• Information provided:
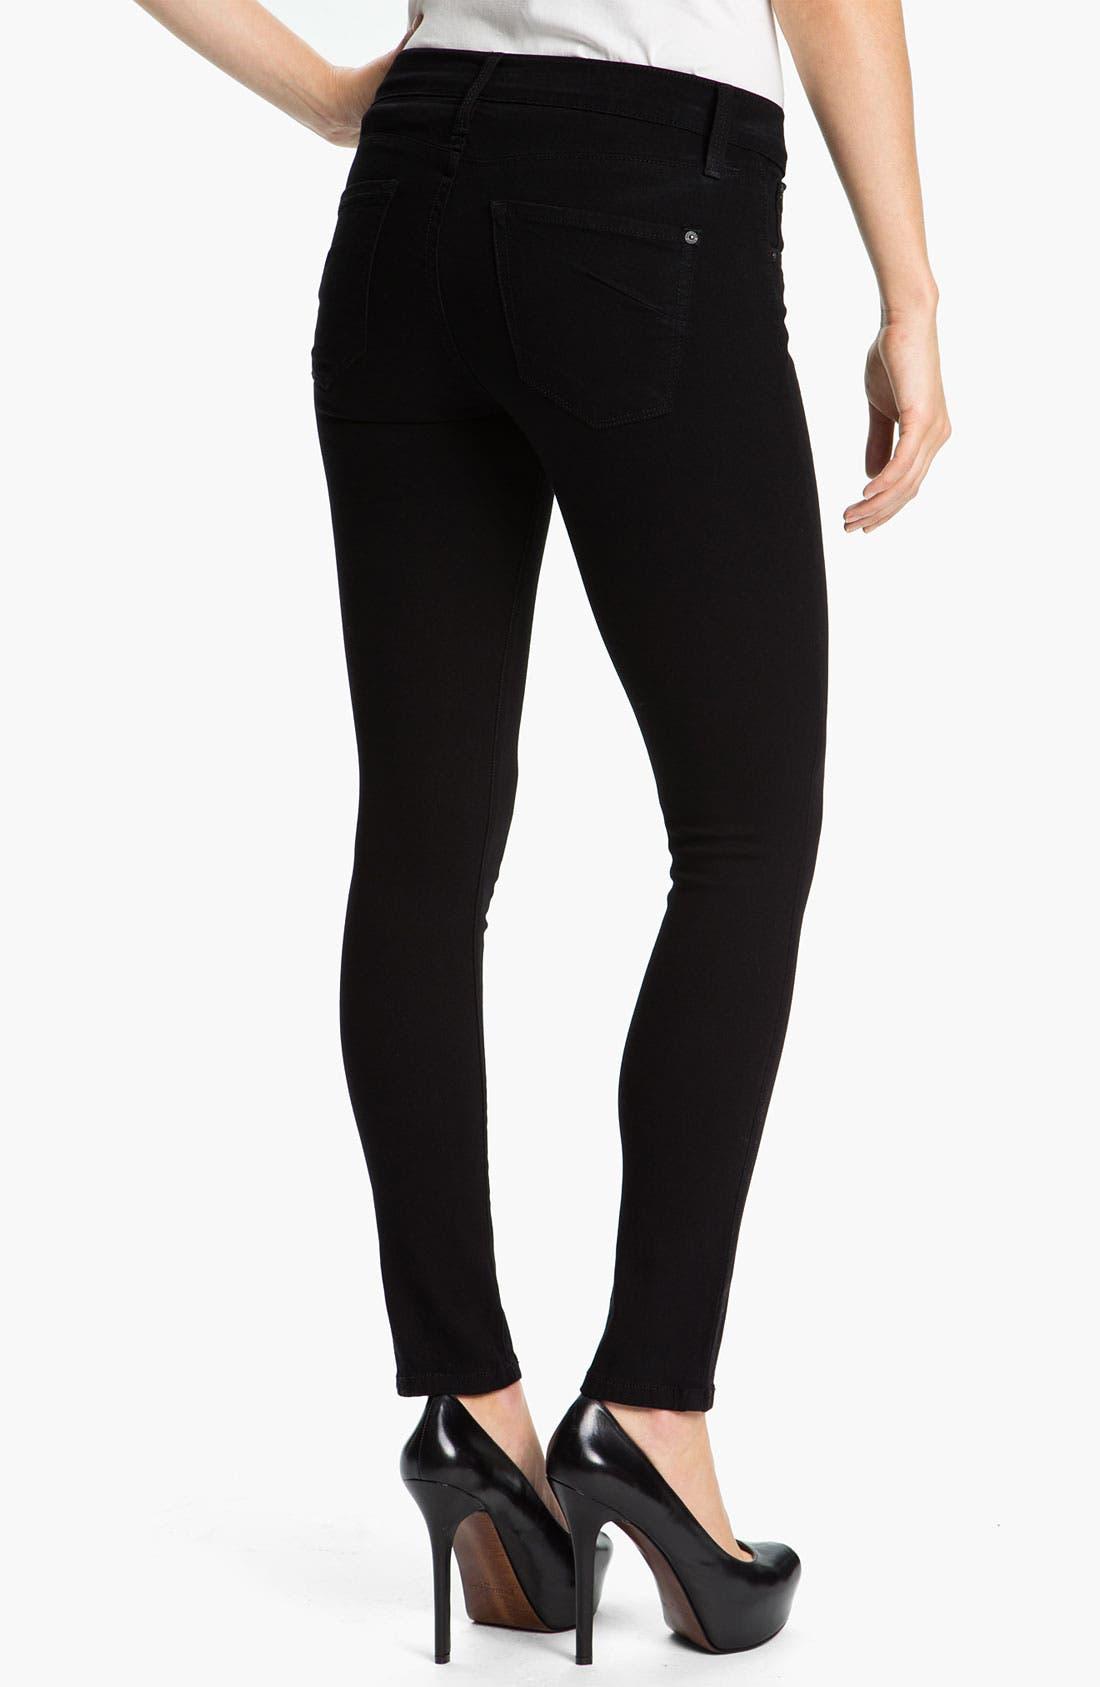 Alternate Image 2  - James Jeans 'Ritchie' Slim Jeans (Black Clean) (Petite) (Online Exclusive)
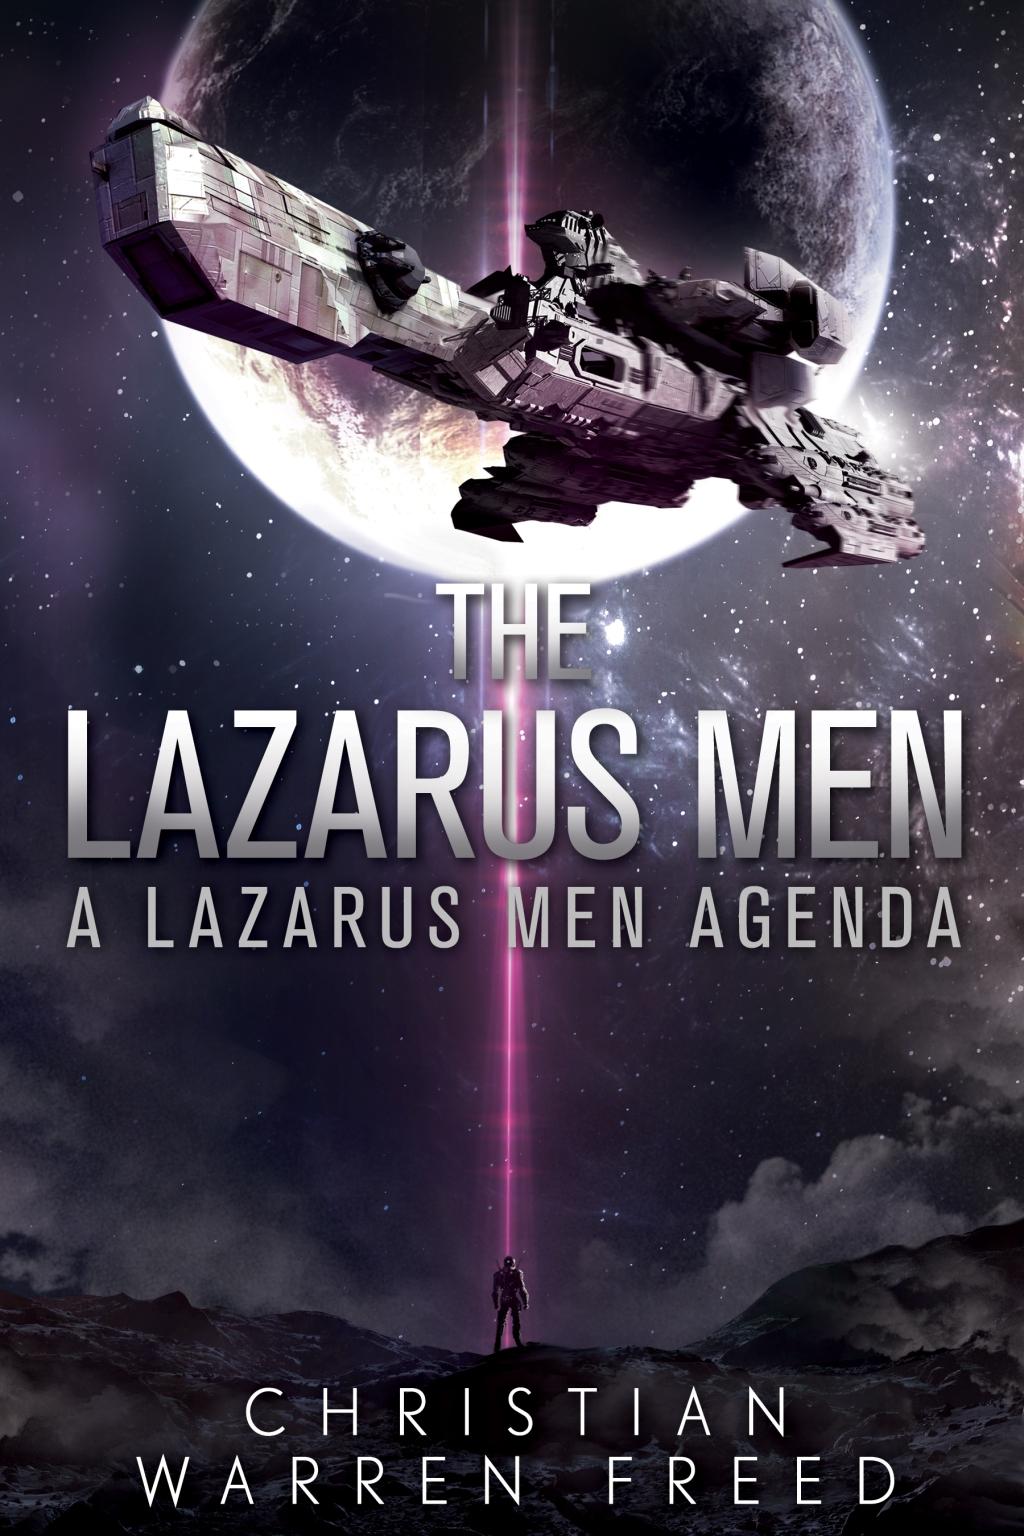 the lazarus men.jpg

...

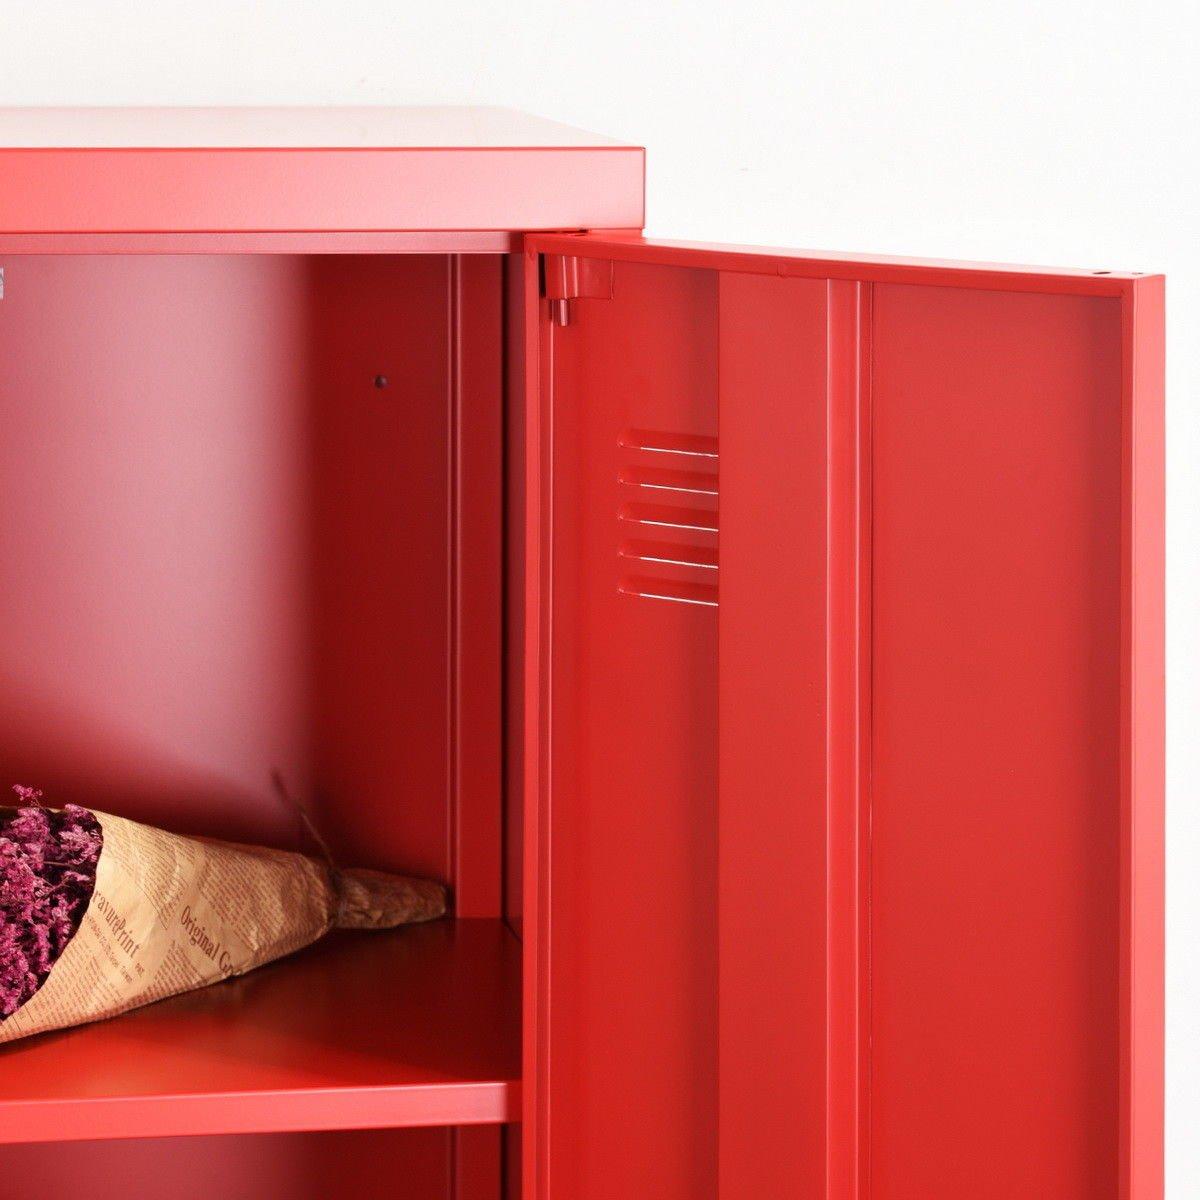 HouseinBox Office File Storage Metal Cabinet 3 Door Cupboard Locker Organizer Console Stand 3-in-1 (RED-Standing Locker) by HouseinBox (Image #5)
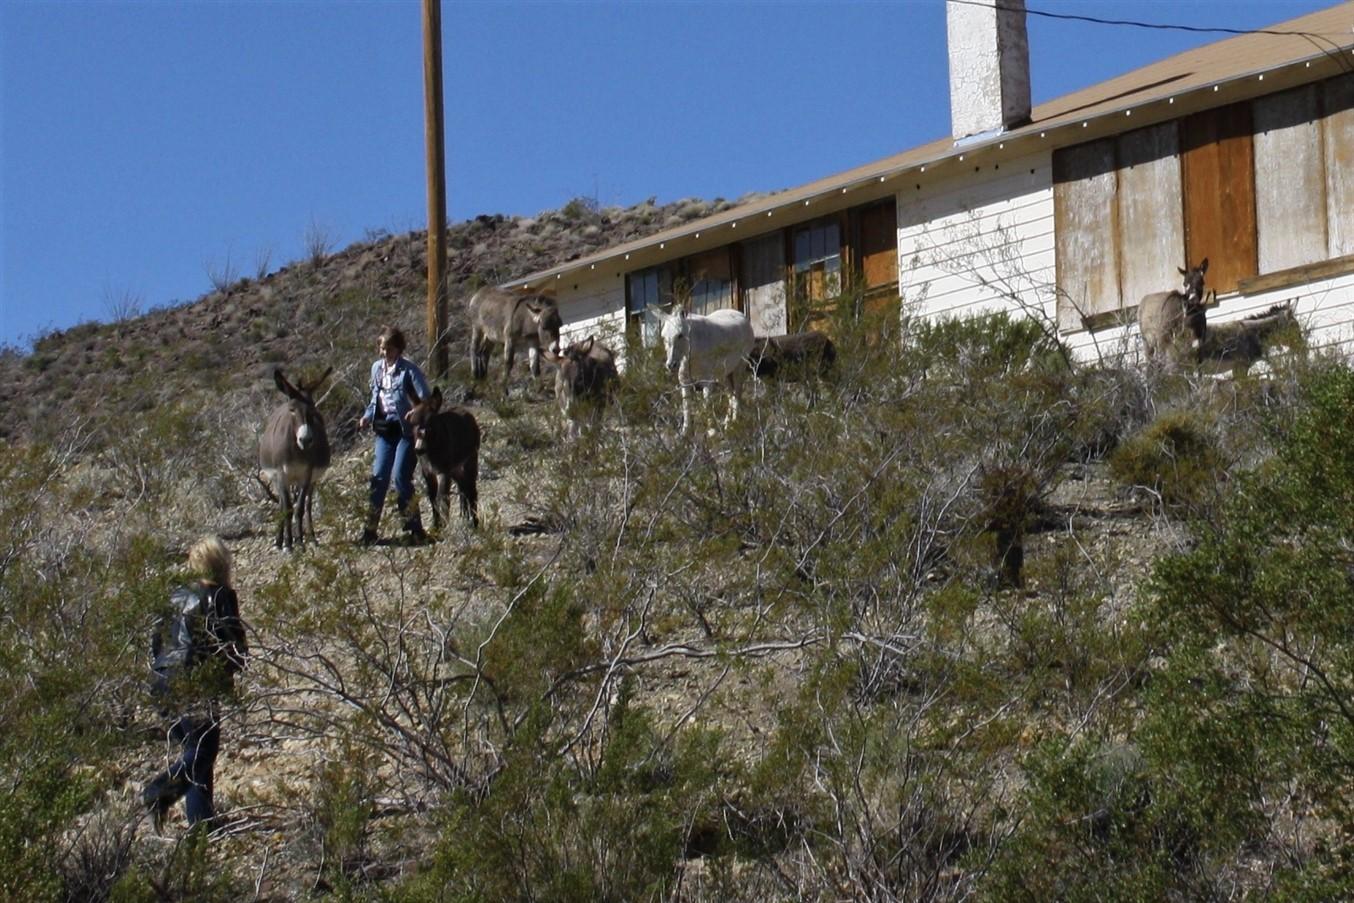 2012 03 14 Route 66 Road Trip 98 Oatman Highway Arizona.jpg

• Exercise aim: Return exactly the part of the listing above that opens with the line containing "Alternate Image 2" and closes with the line containing "the lazarus men.jpg". Pictures stay out.

• Answer for this exercise:
 Alternate Image 2  - James Jeans 'Ritchie' Slim Jeans (Black Clean) (Petite) (Online Exclusive)
 the lazarus men.jpg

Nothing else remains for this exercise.